Something worth mentioning here is that for the live-audience episodes - which start this summer after we’ve got that syllabus nice and tight and ready to roll - the structure we’ll use for those episodes for framing a live discussion has some significance, which is, of course, something that can be said about worker coops, too - that both the CCorp or LCA structures, Rochdale Principles, etc - are significant. Not just bureaucracy, but actually helpful. 


But what I mean by that episode-wise is that I’m modeling our facilitator-led format after group therapy, because it’s been where I’ve been most successful opening up to people - and my golly that’s really hard! I dunno, you may not think so from the fact of me posting this at all if you haven’t met me in person, but just this one little okay-lets-start-a-real-deal-post has been a lllonnnng time in the making. 

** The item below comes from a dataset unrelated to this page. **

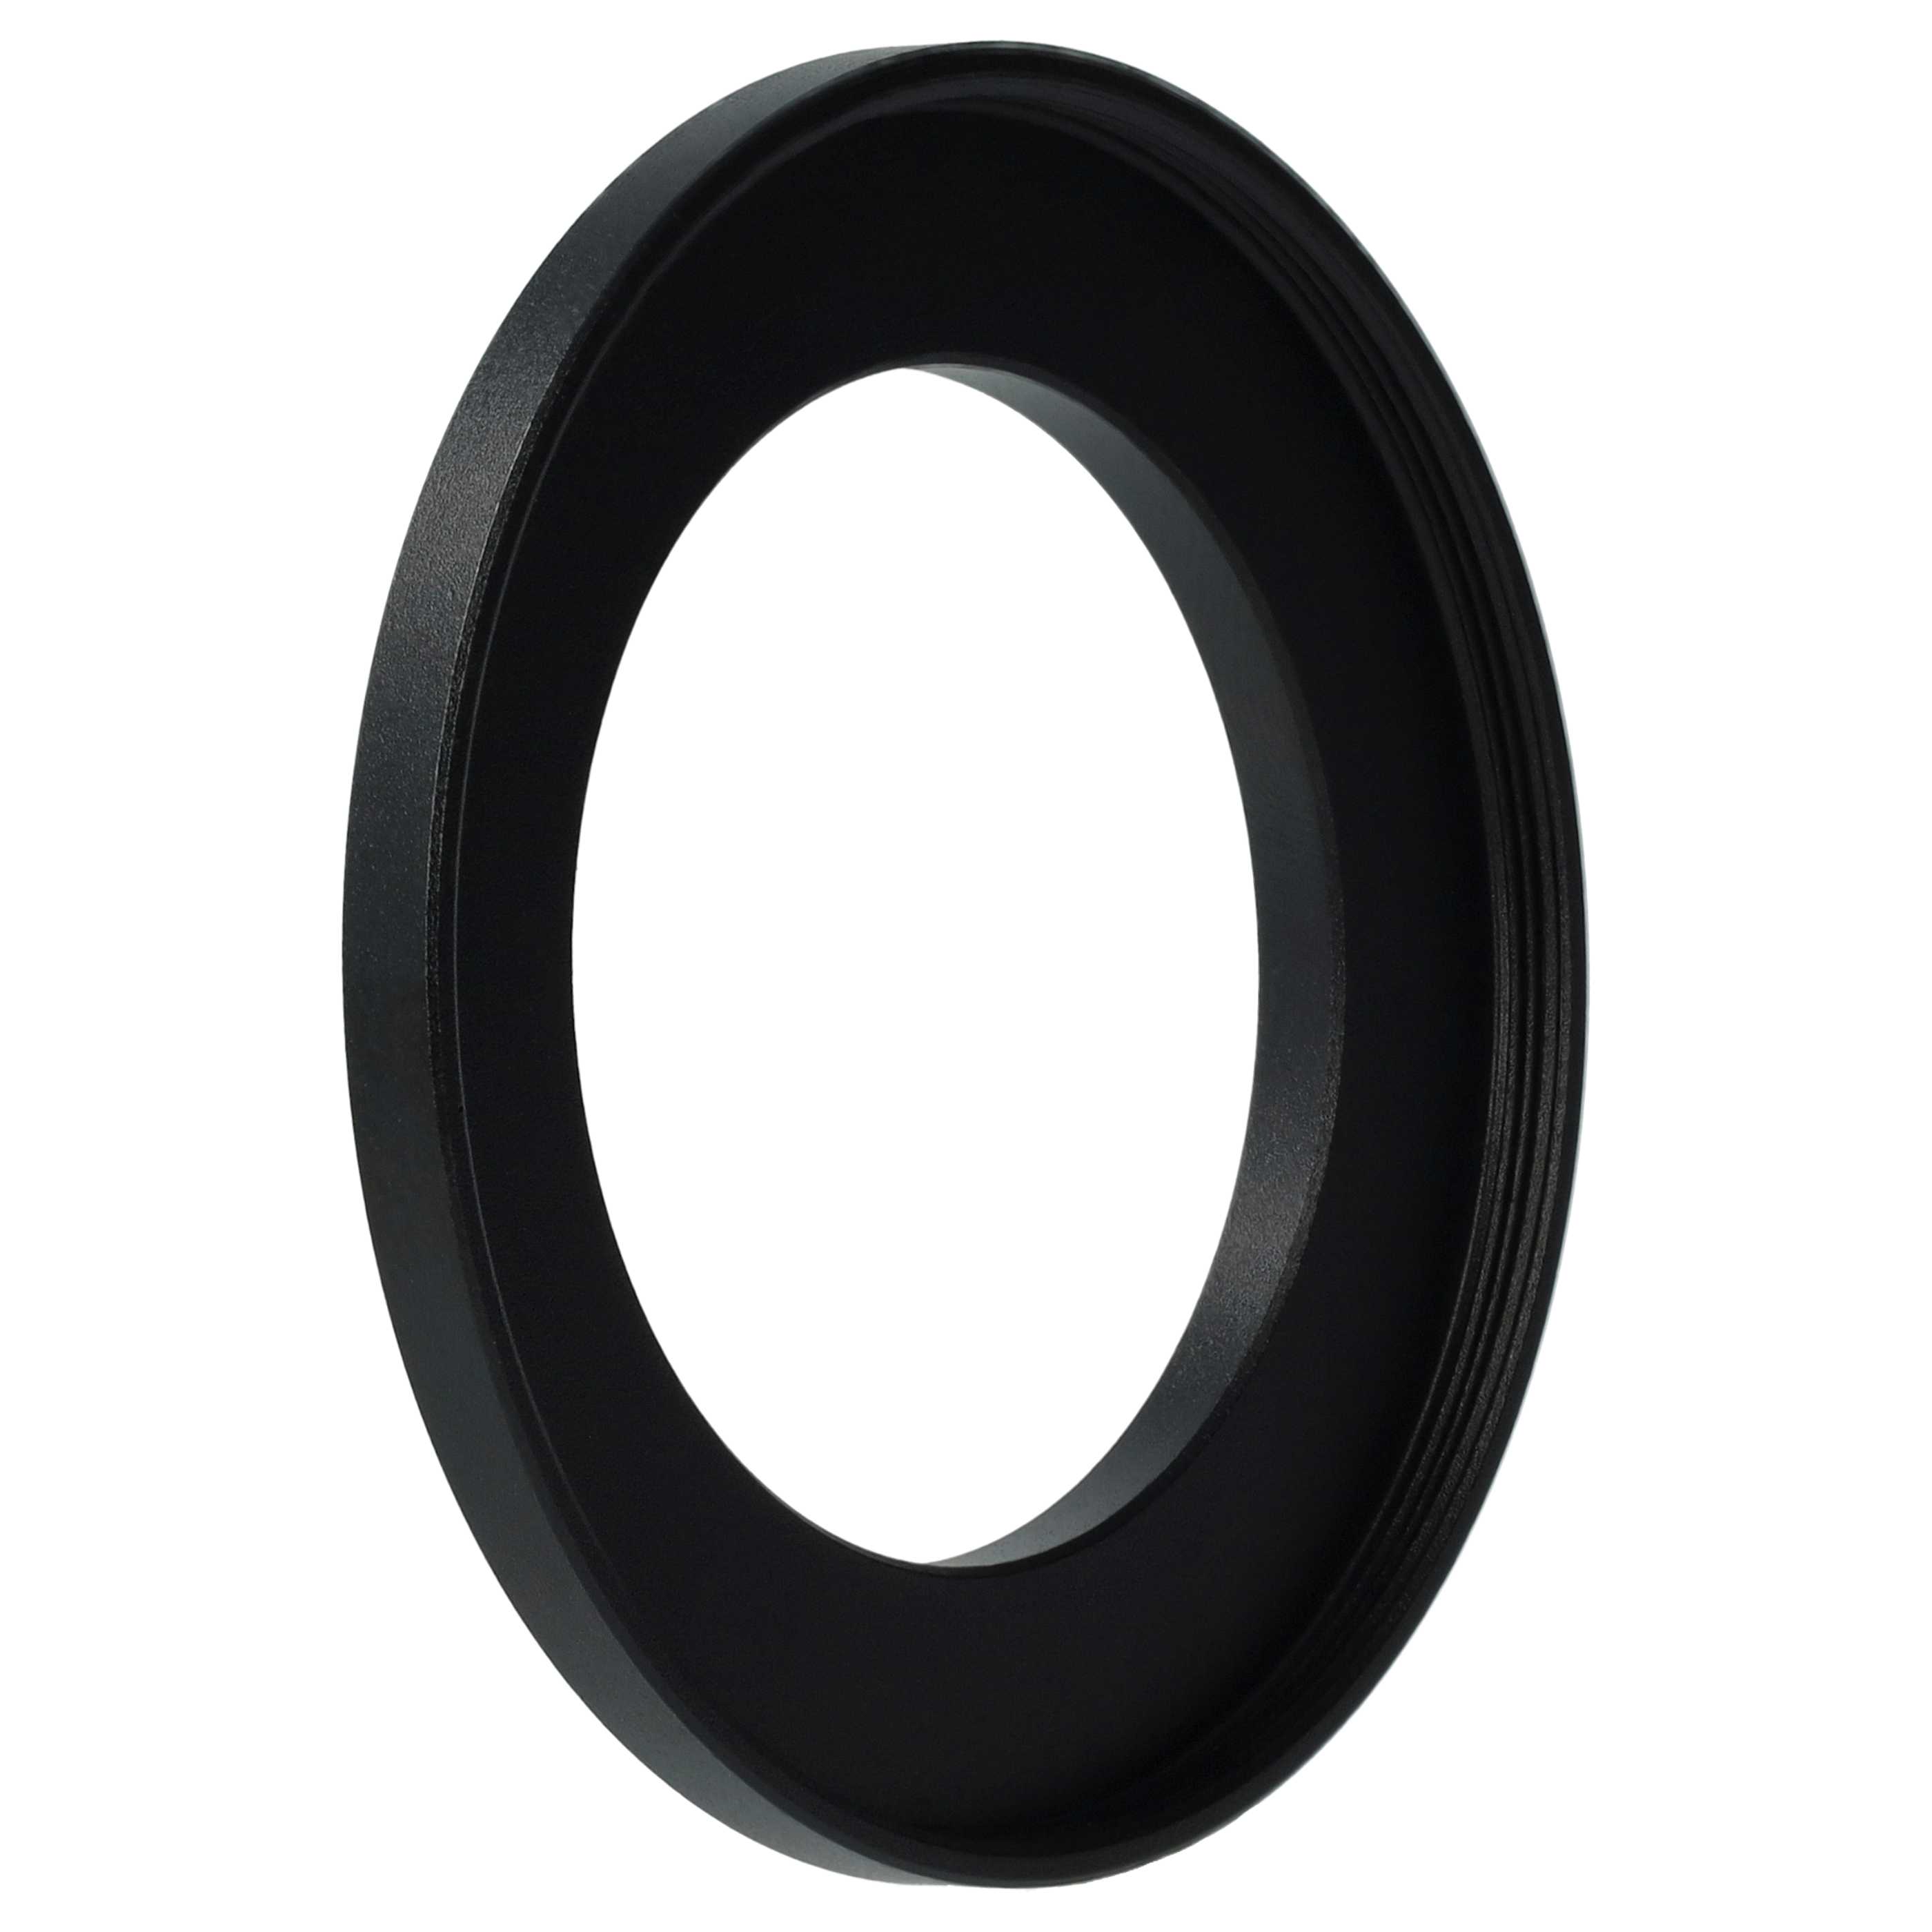 Step-Up-Ring Adapter 40,5 mm auf 55 mm passend für diverse Kamera-Objektive - Filteradapter

It’s maybe a bit of an experimental thing, to model a podcast after therapy, rather than just have a dang conversation, right? That may seem kind stifling in some ways. I don’t mean for it to - But I’m approaching it in this way because, well I feel like this is kindof about healing an industry, yeah, and an industry is made of people - and maybe on some level it also it’s about healing people too by way of empowering them both vocally and financially. I apologize if all of this just like, makes yr fuckin’ jaw hurt it’s so goddamn sweet but I yam what I yam. It’s what I got. And I hope that you jive


I figure set things up like this for the live episodes - first, watch a movie or two or listen to a podcast or a lecture, before we get to any kind of recording. And with the movie we’ll have a set of questions that we can consider about what we saw or heard, to contextualize it with LCA worker cooperatives in film. Then, on the day, when we all meet, we’ll be at a big table together in front of an audience - I’ll be the general facilitator, and sometimes we’ll have a guest facilitator who’s gonna know a lot more about the subject than I do, and at the table with us, there’s gonna be about 6 folks (ideally) that change from week to week, originating from various parts of the film industry, answering whatever questions struck them most - just going in depth, uninterrupted, for as many minutes as we divvi it up to be, probably about 5 to 8 apiece or somethign depending on how many people are there, with room for reflection with the facilitator. No cross talk and all that - perhaps you know the 12 step ethos too. Finally, we’ll open it up to table discussion as well as audience q&a&reflections - and hopefully, we’ll all learn something useful.


So thats what all this is, what it's all kindof shaped itself up to be by now. I’m really looking forward to getting this out there and working with all of you on it to make it really good. Thanks for listening, take good care out there, and I’ll be back soon. Thanks.